Cloves Spice -
Aromas and Flavors of Wine
 | Cloves are very commonly used in cooking, especially in holiday celebrations. Cloves have been used in China for over 2000 years! Did you know that cloves come from a "clove tree" and the little black objects are the buds of the tree, all dried up? |
You should easily be able to find cloves in the spice section of any grocery store.
The Wines with Clove Flavor
The clove flavor in wine is often associated with Rioja, a red, spicy wine from Spain. This wine is great with BBQ steaks and other strong flavored meats.
Another wine that has flavors of clove in it is Gewurztraminer, a white wine that traditionally comes from Germany. The gewurztraminer grape is now also being grown in California and Australia. These wines tend to be on the sweet side.

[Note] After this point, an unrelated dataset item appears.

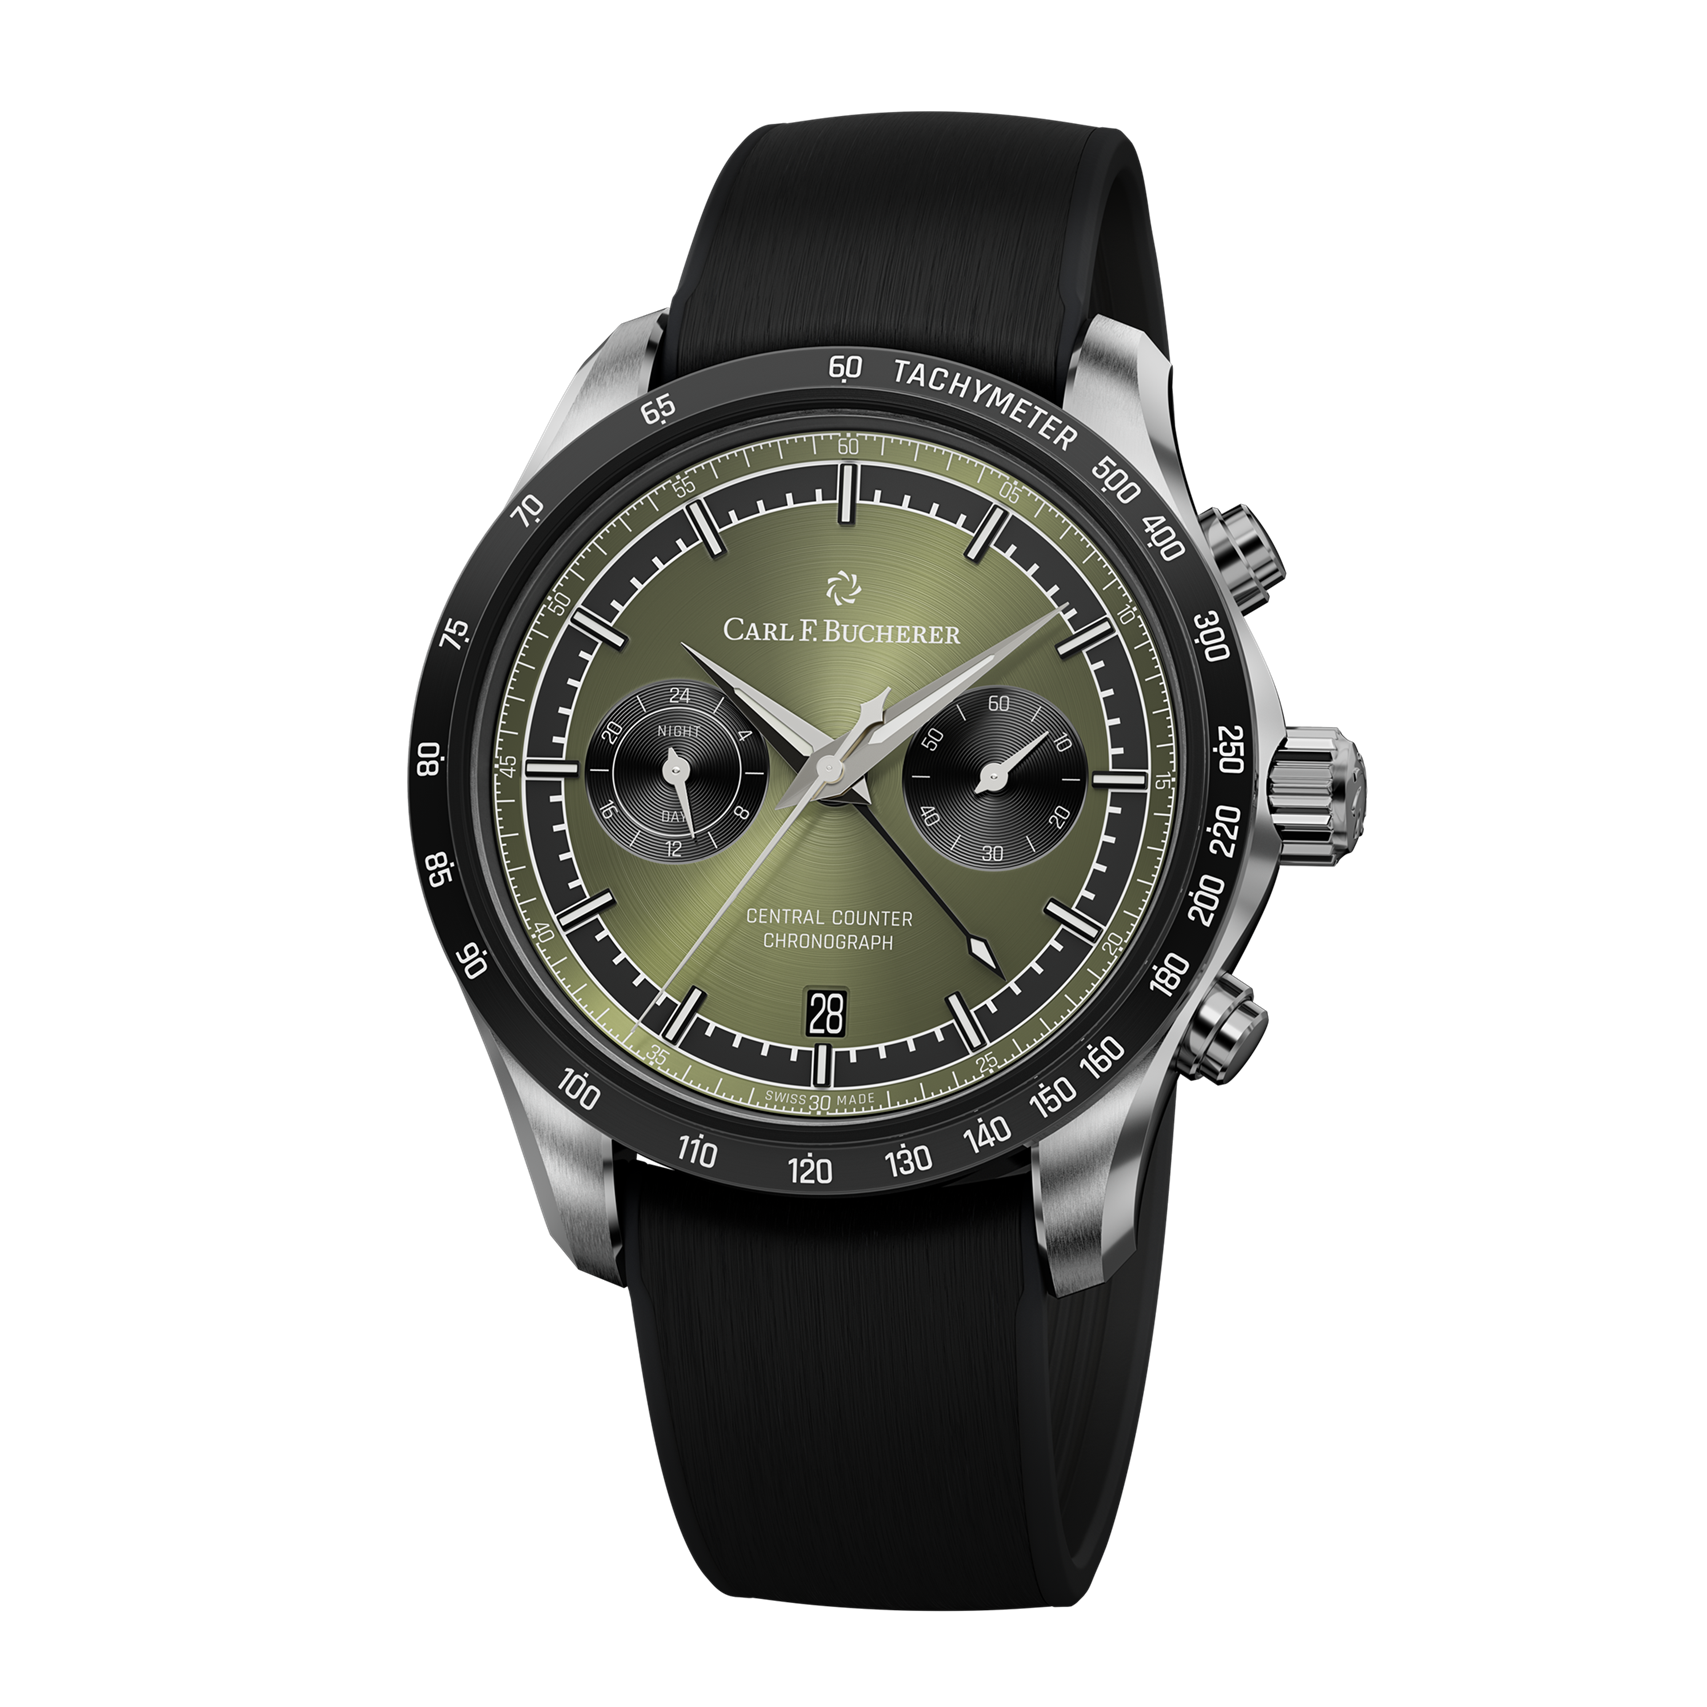 スイス時計ブランドのカール F. ブヘラより、カラーダイヤルが

Clove is also a flavor that is brought on by a certain technique in winemaking. Winemakers often put wine into barrels after the wine is made, so the wine can absorb flavors from those barrels as they age. The barrels are "toasted" on the inside to a certain level of toastiness. The level of toast affects the kinds of flavors that the wine takes on. The more toasty, the stronger the flavor that the wine picks up. Most people associate vanilla as a flavor that oak-aging gives to a wine, but cloves is another flavor that a wine aged in toasted oak will pick up.
Since the clove flavor goes so well with wine, there are even two types of wine that cloves are physically added in to the wine. One is Mead, the honey wine that has been enjoyed for centuries. A mead that has cloves added is called Metheglin. The other wine type is Mulled Wine, which is a wine-spice mixture that is served warm in the winter.